> [What you will do] Would you transcribe the records below from the line with "Chân bàn nâng" to the line with "abandoned and destroyed", ends included, exactly and with nothing more, leaving the pictures out?

> [Available records]
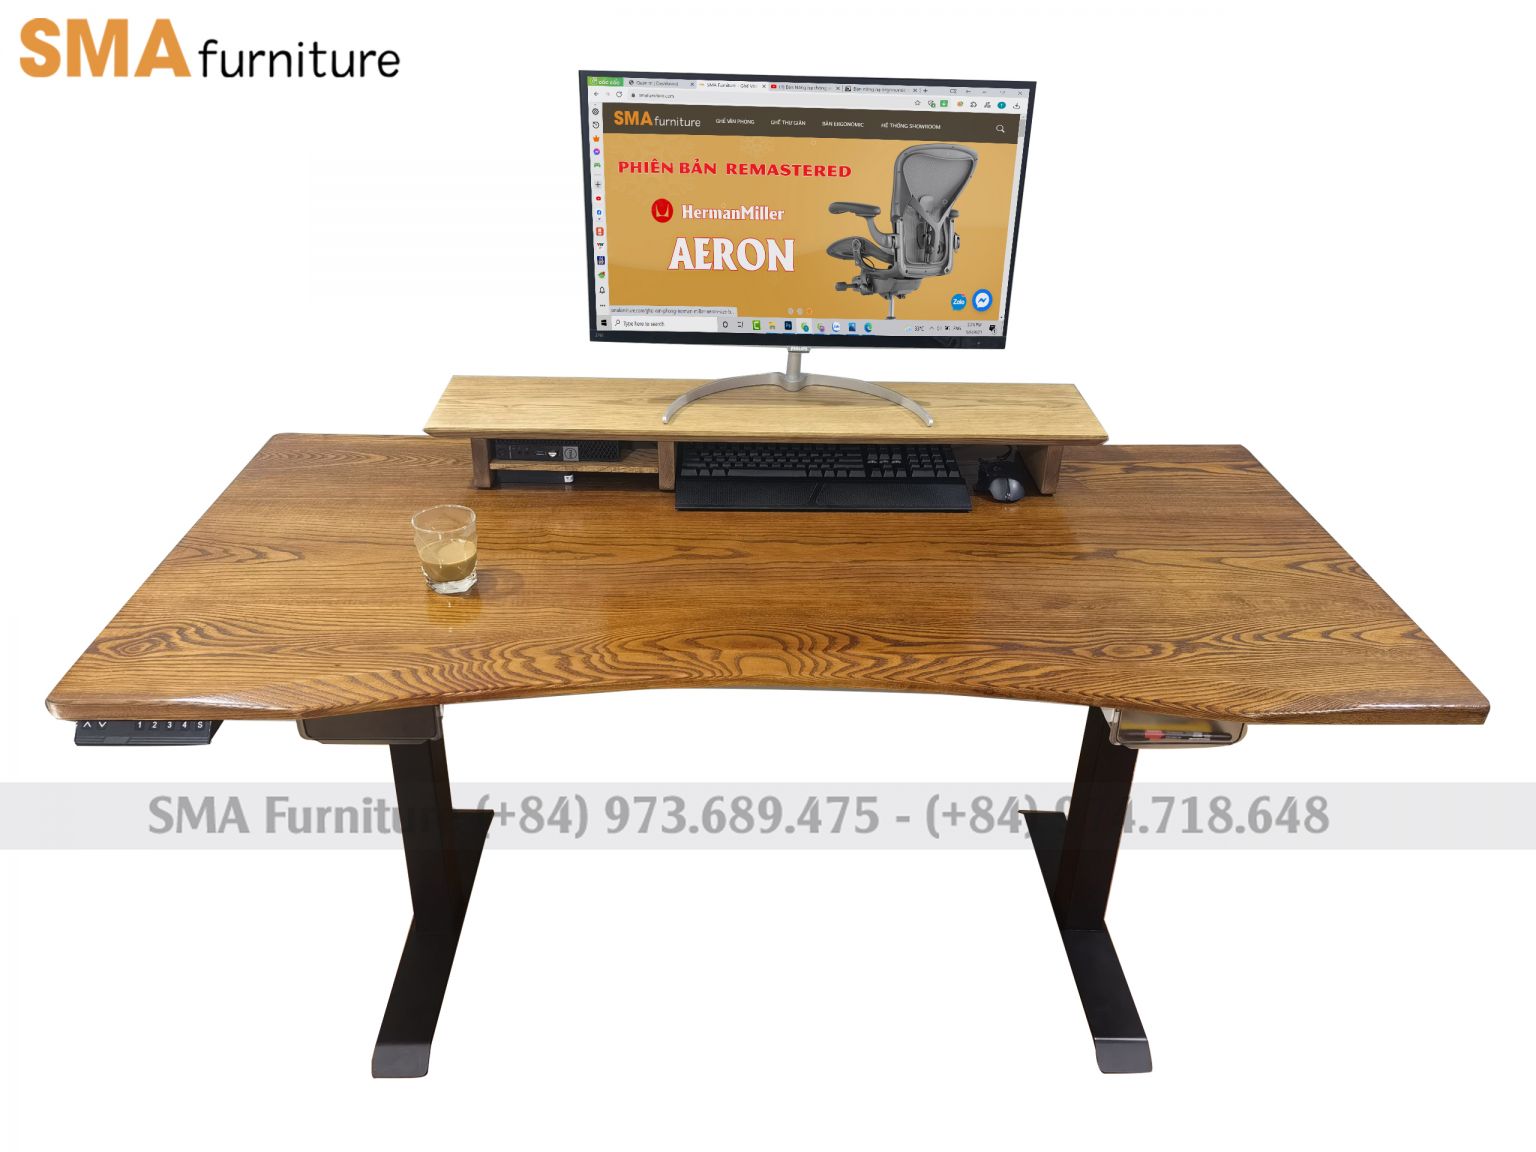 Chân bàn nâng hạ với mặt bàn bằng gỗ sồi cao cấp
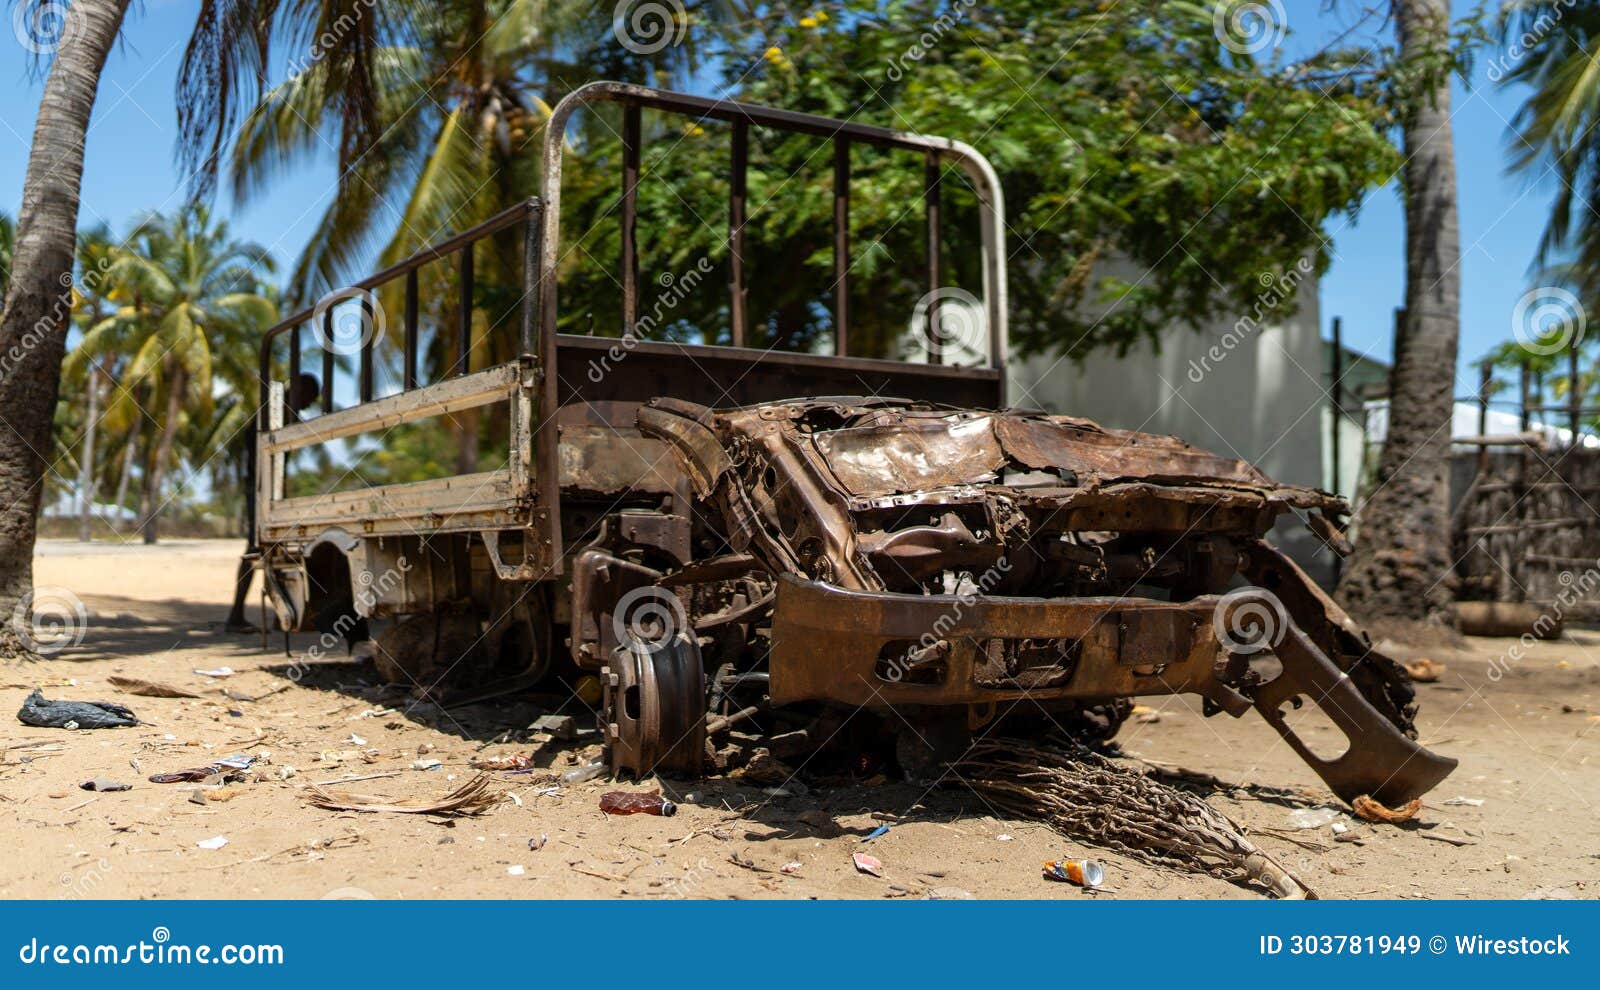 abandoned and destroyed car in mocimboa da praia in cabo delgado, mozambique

...

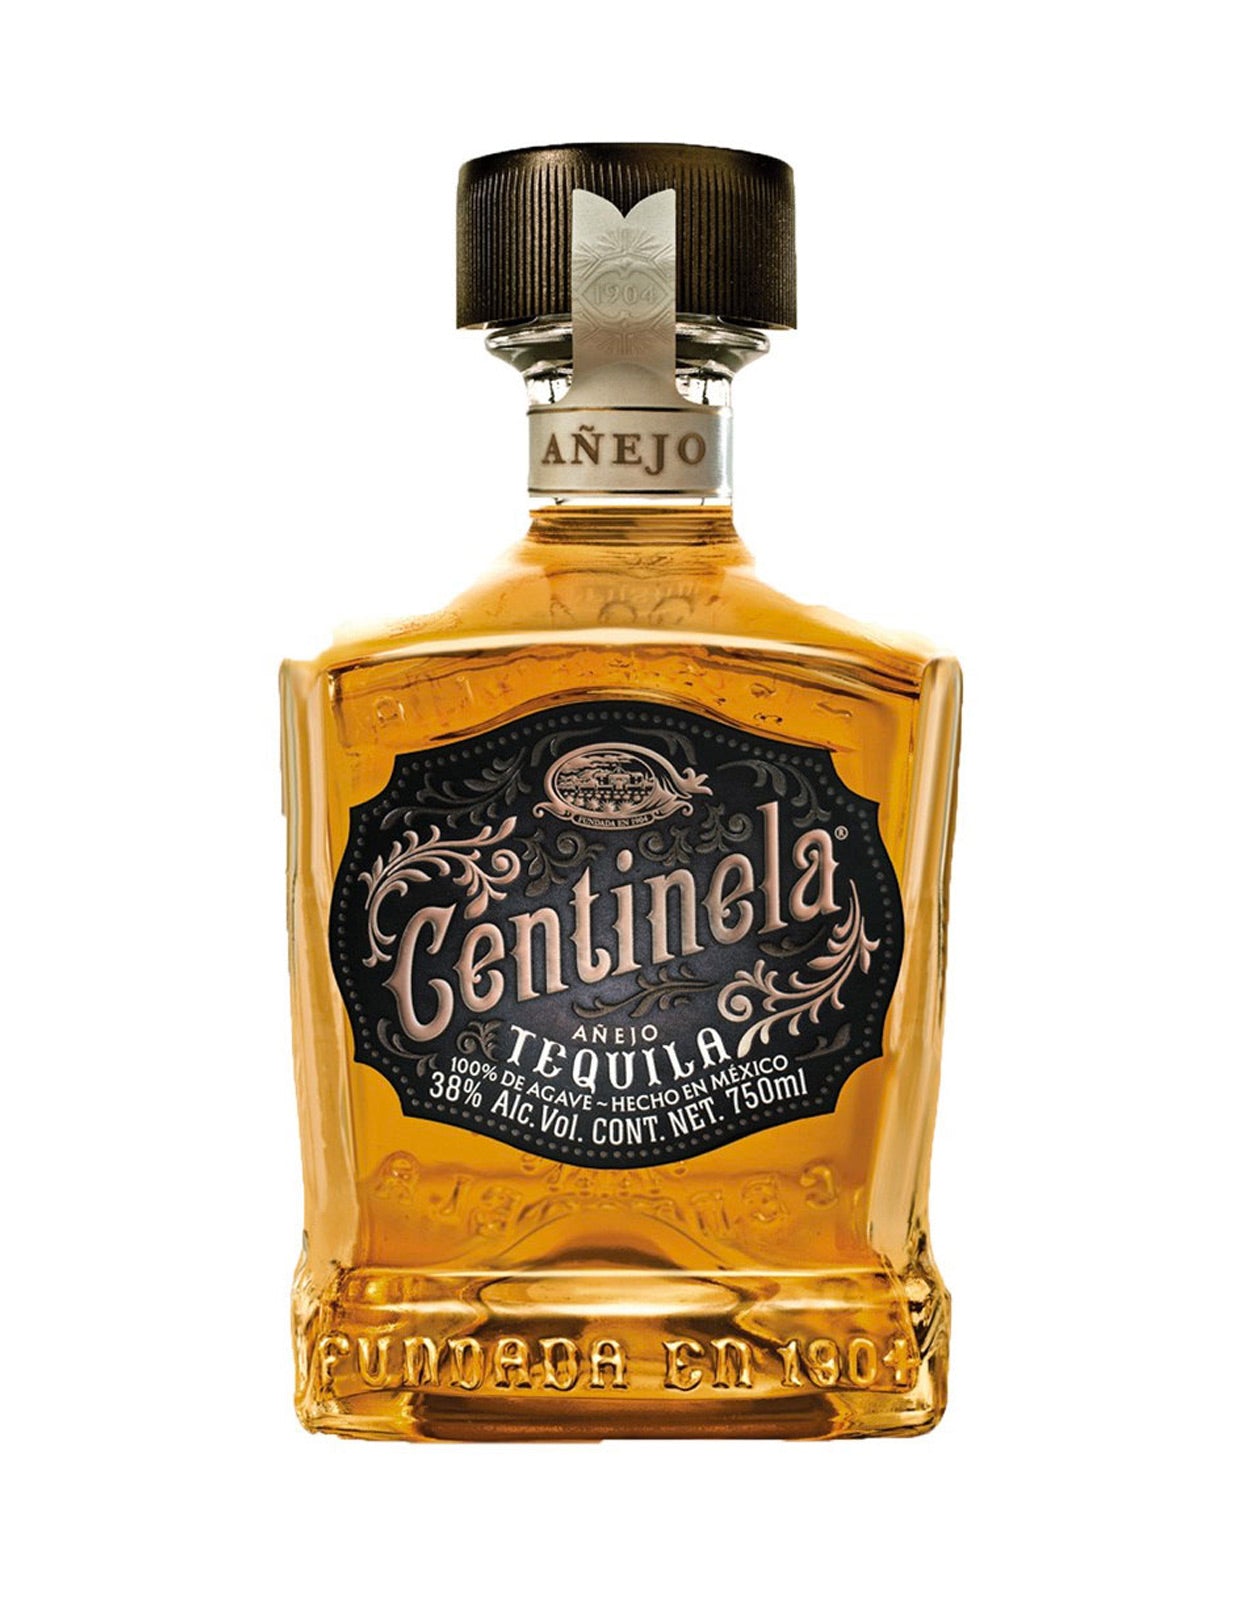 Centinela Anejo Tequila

> [Task result]
 Chân bàn nâng hạ với mặt bàn bằng gỗ sồi cao cấp
 abandoned and destroyed car in mocimboa da praia in cabo delgado, mozambique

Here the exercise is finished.